Google's DeepMind has introduced Robotics Transformer 2 (RT-2), a groundbreaking vision-language-action (VLA) model that empowers robots to carry out new tasks without specific training. Similar to how language models learn general concepts from vast amounts of web data, RT-2 utilizes text and images from the internet to comprehend real-world concepts and translate that knowledge into generalized instructions for robotic actions. The potential implications of this technology include context-aware and adaptable robots that can execute various tasks in different situations and environments with significantly less training than currently required.
What sets Google DeepMind's RT-2 apart? In 2022, DeepMind unveiled RT-1, a multi-task model that learned from 130,000 demonstrations and enabled Everyday Robots to accomplish over 700 tasks with a 97% success rate.

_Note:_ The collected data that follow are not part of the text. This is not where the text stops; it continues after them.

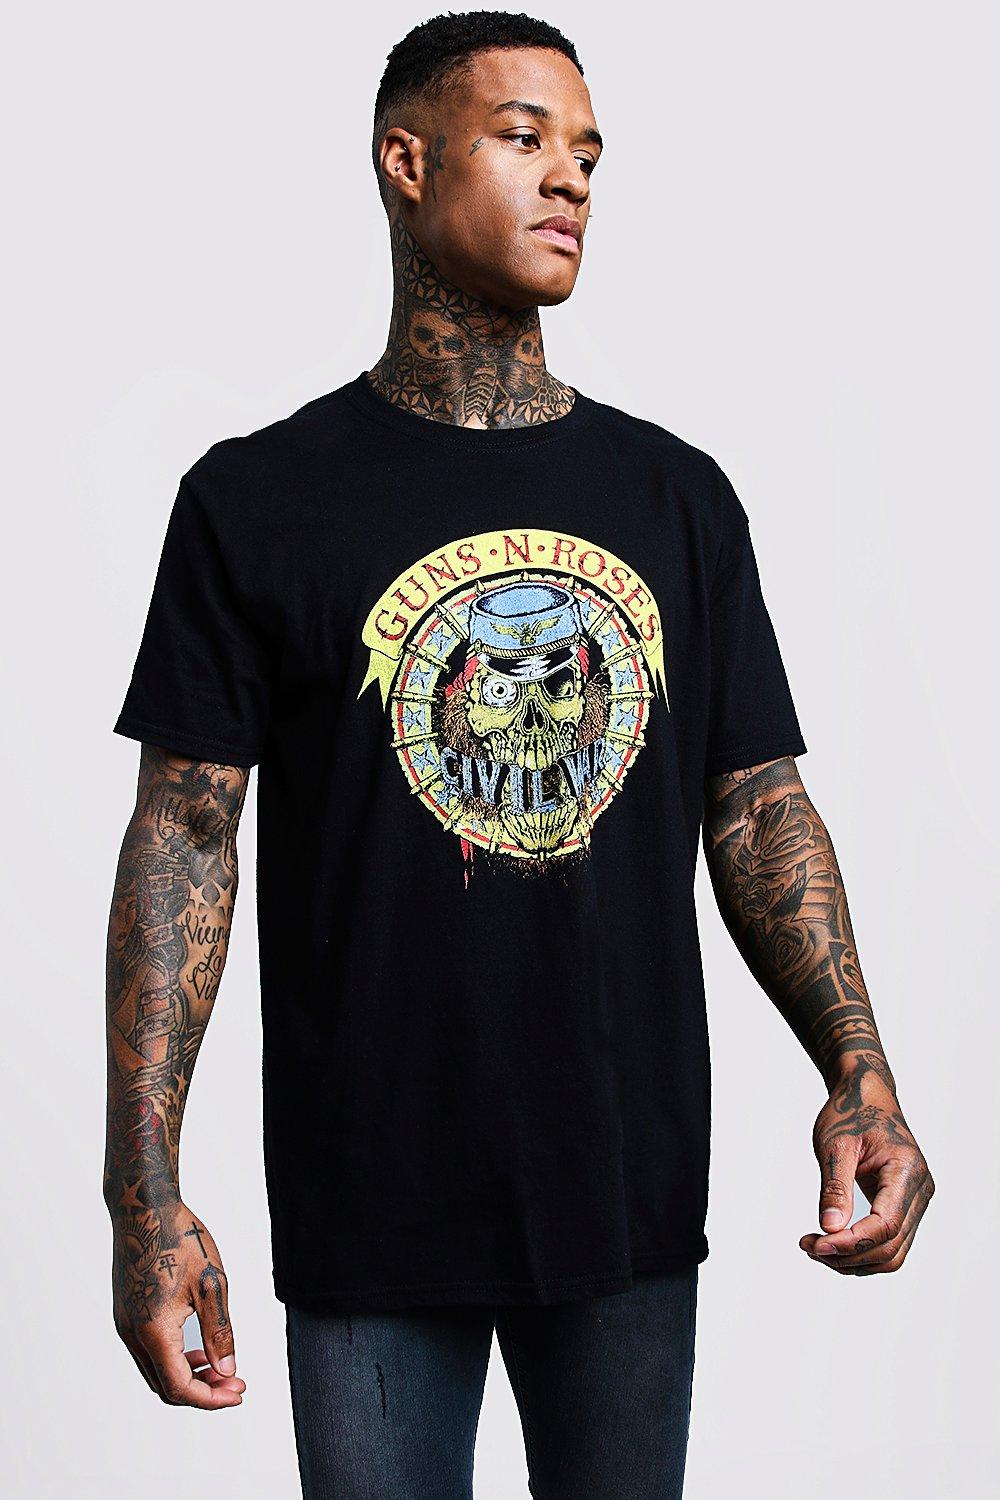 Guns N Roses Oversized Tour T Shirt Boohoo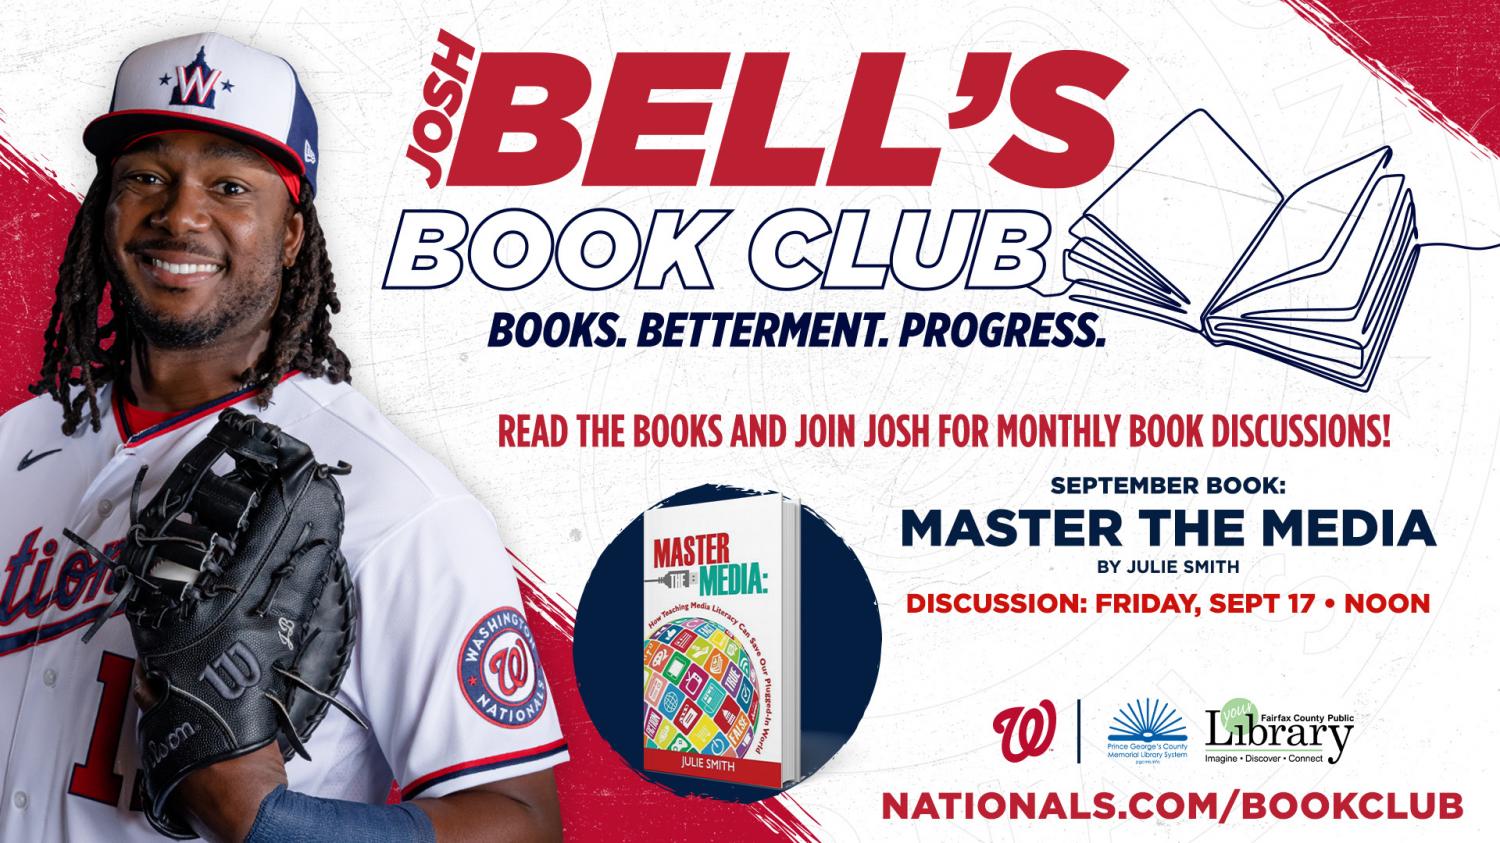 Josh Bell's Book Club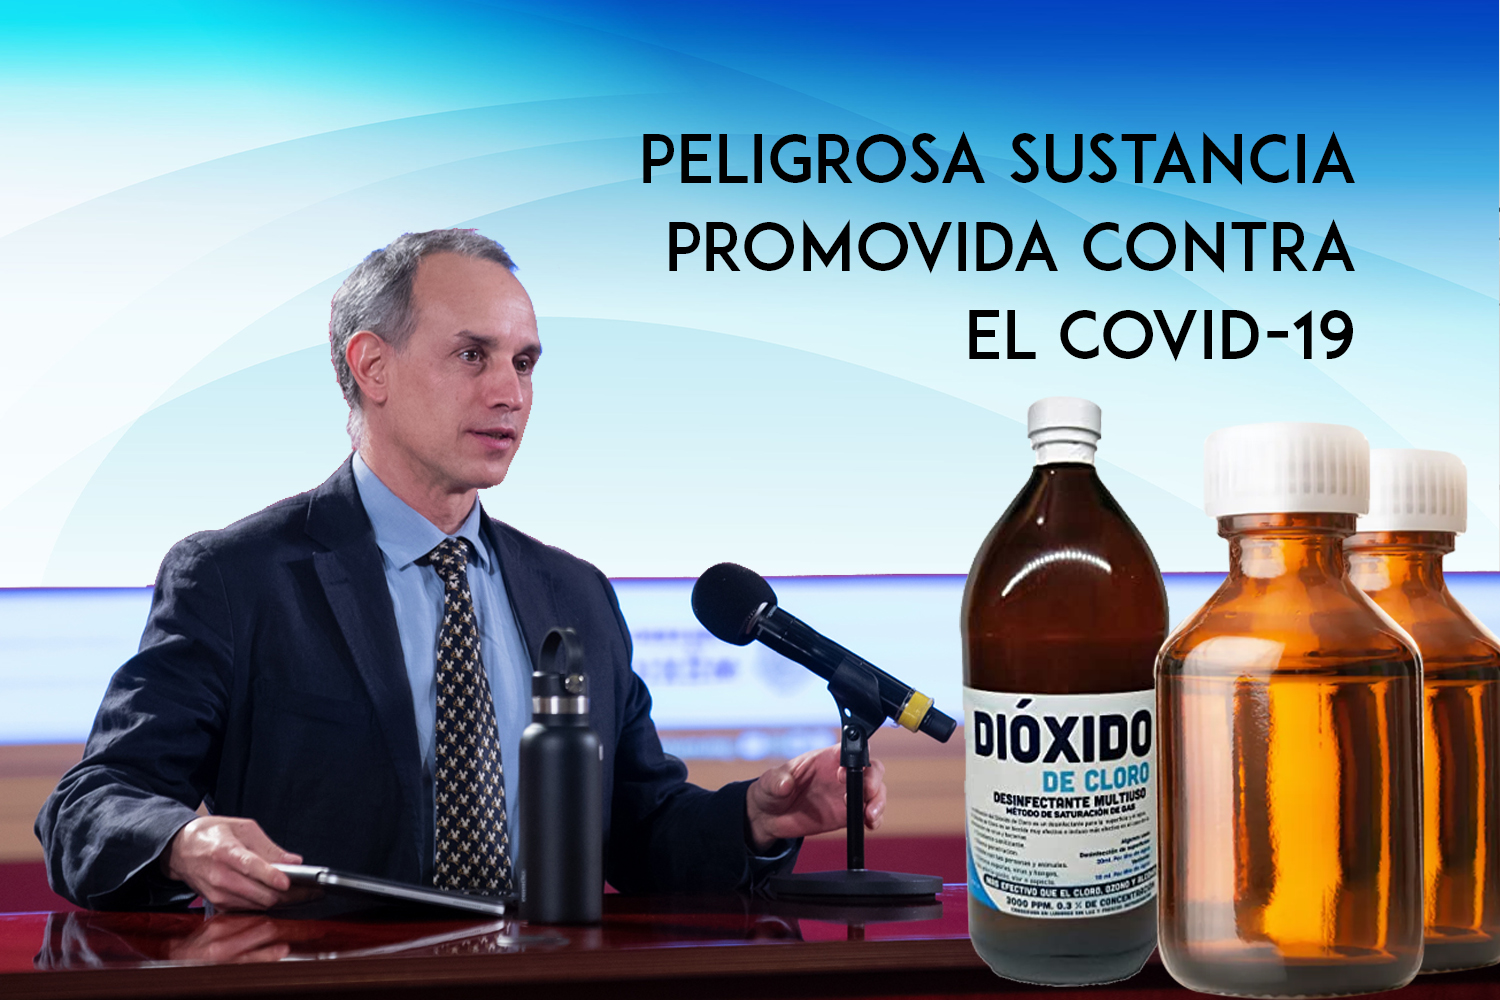 Dióxido de cloro, COVID-19, sustancia química, efectos adversos, cáncer, diabetes asma, malaria, autismo,Hugo López-Gatell, Gatell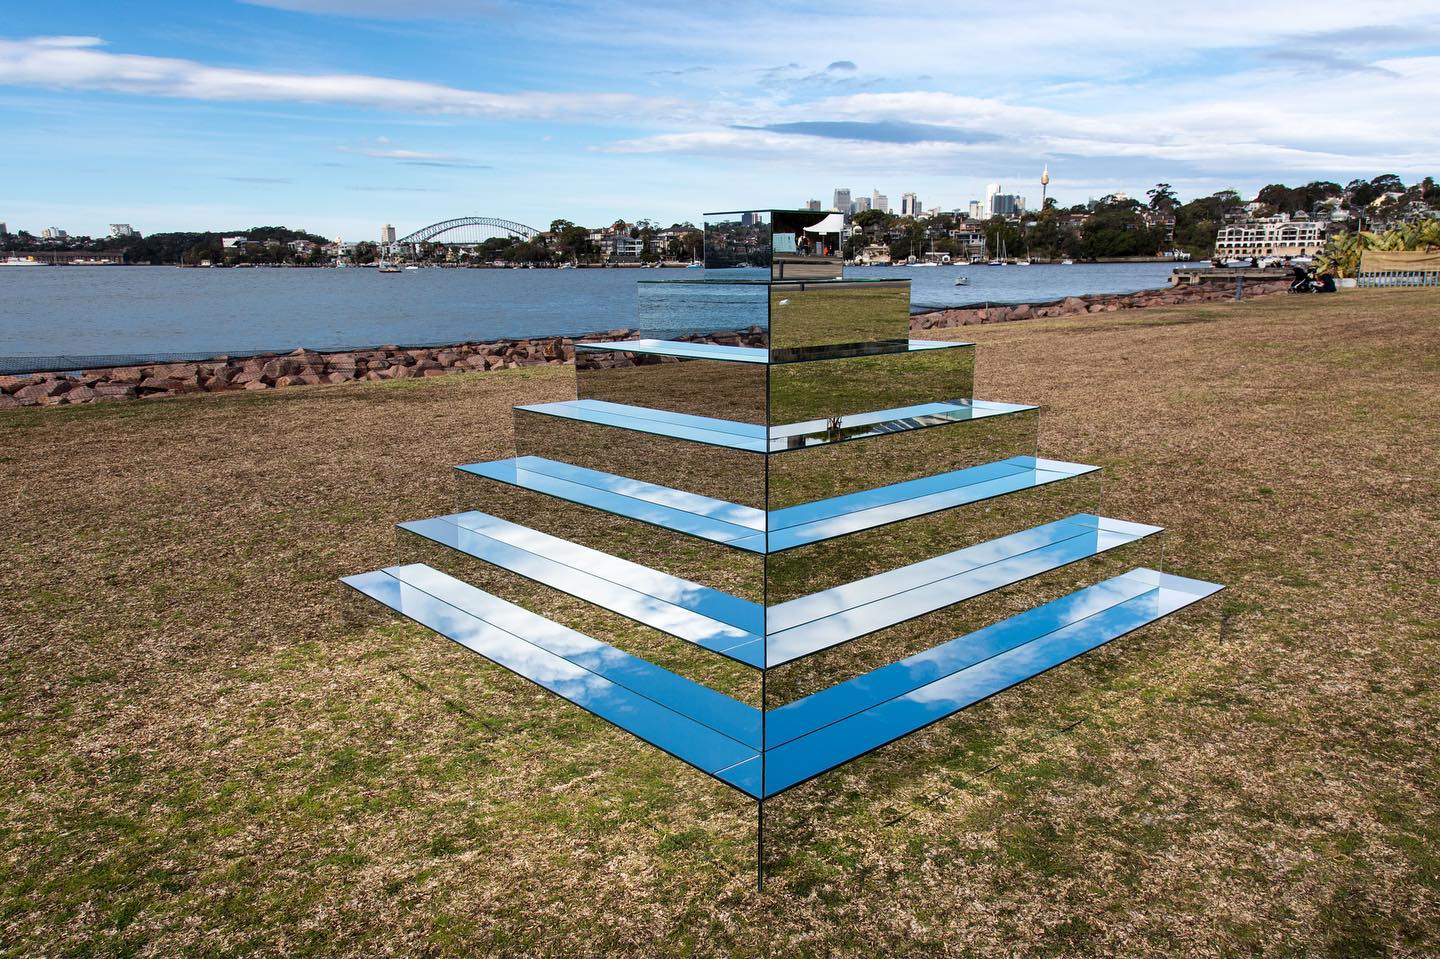 mirror installation outdoors that creates geometric illusion

Now, by combining the robotic demonstration data from RT-1 with web datasets, the company has developed its successor: RT-2.
The most noteworthy feature of RT-2 is its ability to function without relying on hundreds of thousands of data points. Traditionally, specific robot training covering every object, environment, and situation has been deemed essential to handle complex, abstract tasks in highly variable settings. However, RT-2 learns from a limited amount of robotic data, allowing it to perform sophisticated reasoning similar to foundation models and apply that knowledge to direct robotic actions, even for tasks it has never encountered or been trained for before.
"RT-2 demonstrates improved generalization capabilities and enhanced semantic and visual understanding beyond the robotic data it was exposed to," explains Google. This includes interpreting new commands and responding to user instructions with rudimentary reasoning, such as categorizing objects or providing high-level descriptions.
One significant advantage of RT-2 is that it can take action without specific training. For example, when tasked with throwing away trash, the model already possesses a general understanding of what trash is and can identify it without explicit training. Furthermore, it can figure out how to dispose of the trash, despite never having been trained for that specific action. In internal tests, RT-2 was performed as well as RT-1 for familiar tasks. However, for novel, unseen scenarios, RT-2's performance nearly doubled, reaching 62%, compared to RT-1's 32%.
The potential applications of advanced vision-language-action (VLA) models like RT-2 are vast. They could lead to context-aware robots capable of reasoning, problem-solving, and interpreting information to perform a diverse range of actions in the real world, depending on the specific situation. For instance, in warehouses, instead of robots performing repetitive actions for all objects, enterprises could employ machines that handle each item differently, considering factors like object type, weight, fragility, and other relevant parameters.
The impact of such developments is reflected in market projections. According to Markets and Markets, the AI-driven robotics segment is expected to grow from $6.9 billion in 2021 to $35.3 billion in 2026, at an expected compound annual growth rate (CAGR) of 38.6%. As technology advances and reaches its full potential, we can expect to witness a transformative impact on various industries and everyday life.